Neural networks have always played an important role in automatic fraud detection systems [GR94]. They are, however, rarely the first choice in production since transactions are tabular data, and a lot of practitioners still rely on feature engineering and classical machine learning techniques such as random Forests or XGBoost. Nevertheless, not only can they reach very competitive performance, but they also have many advantages for the credit fraud detection problem. They represent an additional model that provides a different behavior, they can be federated easily, they automate feature engineering and representation learning, and they are differentiable and incremental.
In this chapter, the objective was to cover the methodology to build neural networks for fraud detection, from general considerations on the design of a deep learning pipeline to the implementation of several architectures: a feed-forward neural network, an autoencoder, a convolutional neural network, a long short-term memory network, and an LSTM with Attention.

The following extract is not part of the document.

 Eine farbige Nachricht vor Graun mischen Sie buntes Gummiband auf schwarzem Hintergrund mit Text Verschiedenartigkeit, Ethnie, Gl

This methodology gives an overview of the major elements in the design of a Neural Network. Comparatively to classical methods, there are an infinite set of hyperparameters and possibilities, which entails a time-consuming tuning process but allows a great expressivity.

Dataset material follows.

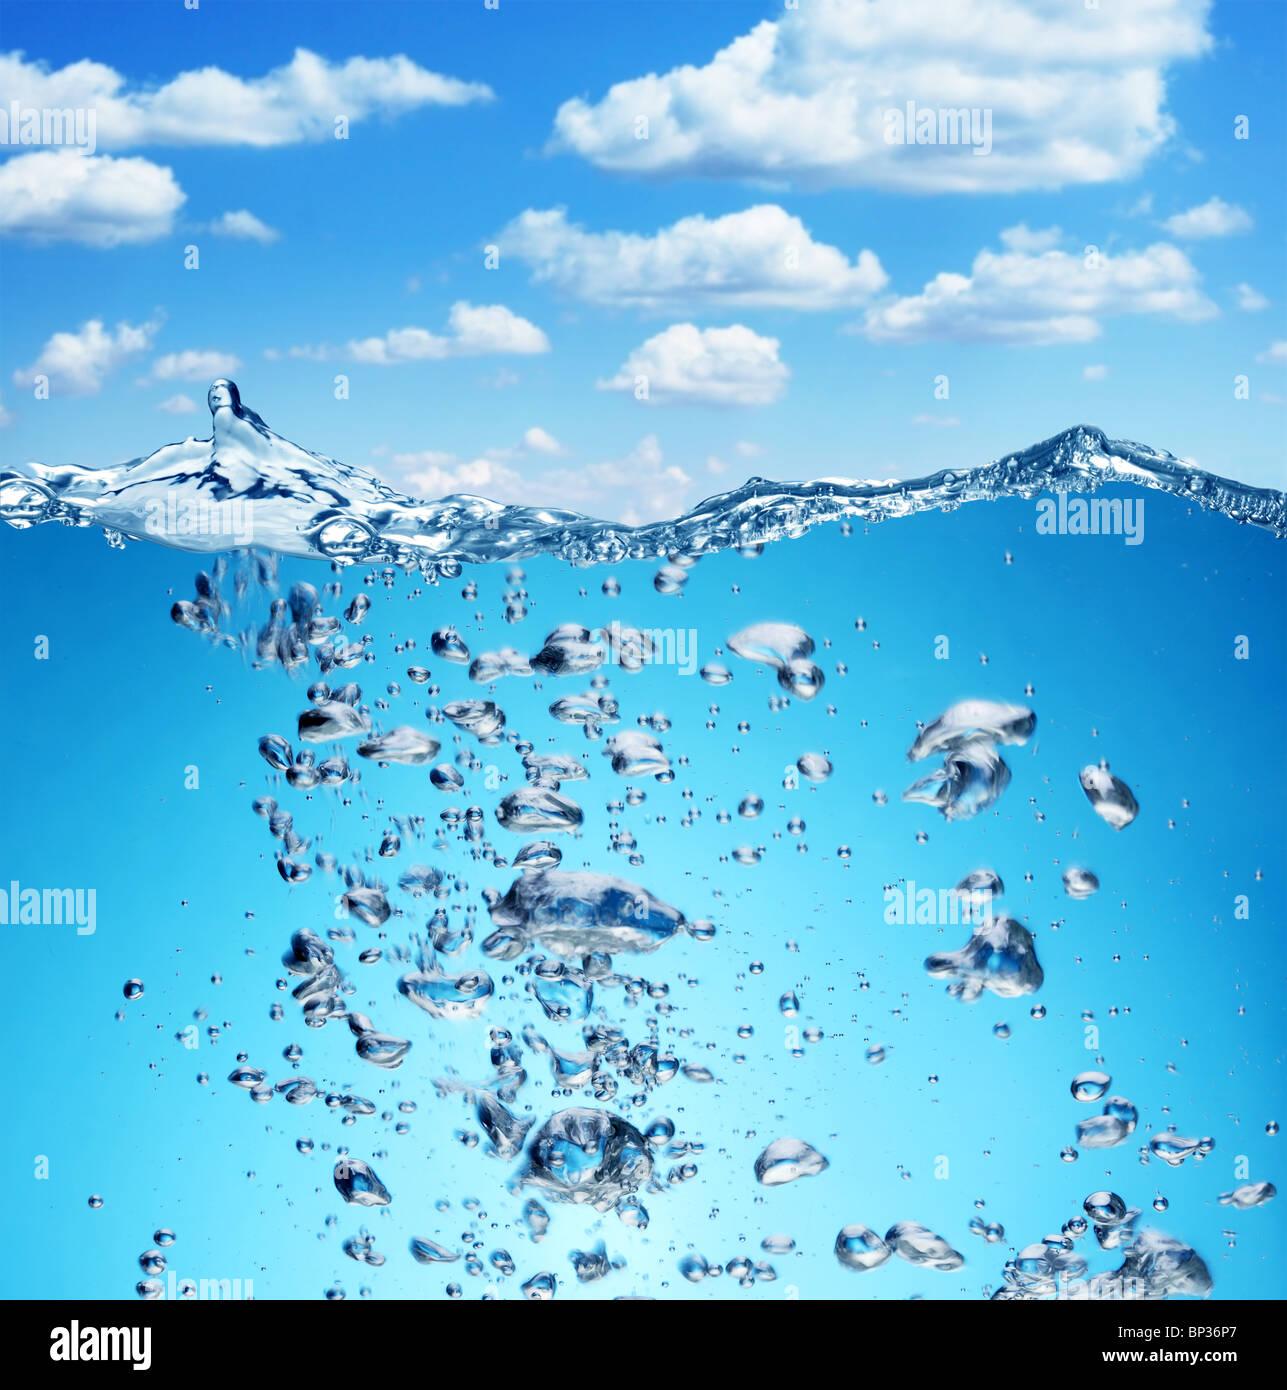 Le bolle di aria si elevano dal fondo dell'oceano alla superficie. Immagini Stock

The different architecture developed in the chapter belong to different families of techniques:
The regular feed-forward network is the simplest but most widely used architecture of deep learning. It is only made of fully connected neurons and is the standard choice to solve classification/regression problems on tabular data, with a set of features with numerical values.
The autoencoder’s goal is to learn representations to reconstruct descriptive variables, so it has been widely used for unsupervised learning problems. This method is interesting because anomaly detection, and in particular fraud detection, can be tackled with unsupervised or semi-supervised techniques. One way to use the autoencoder for that purpose is to consider its reconstruction error as an indicator for fraud risk. It can be used solely to detect outliers, but this generally leads to a low precision. It can also be used as an extra variable in supervised classification.
The CNN and LSTM (with or without attention) can be used as sequential models. They allow to automatically build features from contextual data. To classify a transaction as fraudulent or genuine, it is generally useful to resort to the regular behavior of the cardholder in order to detect a discrepancy. A manual method to integrate this contextual information is to proceed with feature engineering and the creation of expert features aggregation. Instead, sequential models rely on a sequence of transactions that precedes the current transaction and is linked to it with respect to a landmark variable such as the Customer ID, and they automatically compute a representation that summarizes the sequence.
In conclusion, deep learning methods for fraud detection are varied, appear to be competitive with classical machine learning approaches on both simulated and real-world data, and have multiple practical advantages. Therefore, they definitely deserve a place in the fraud detection practitioner’s toolbox.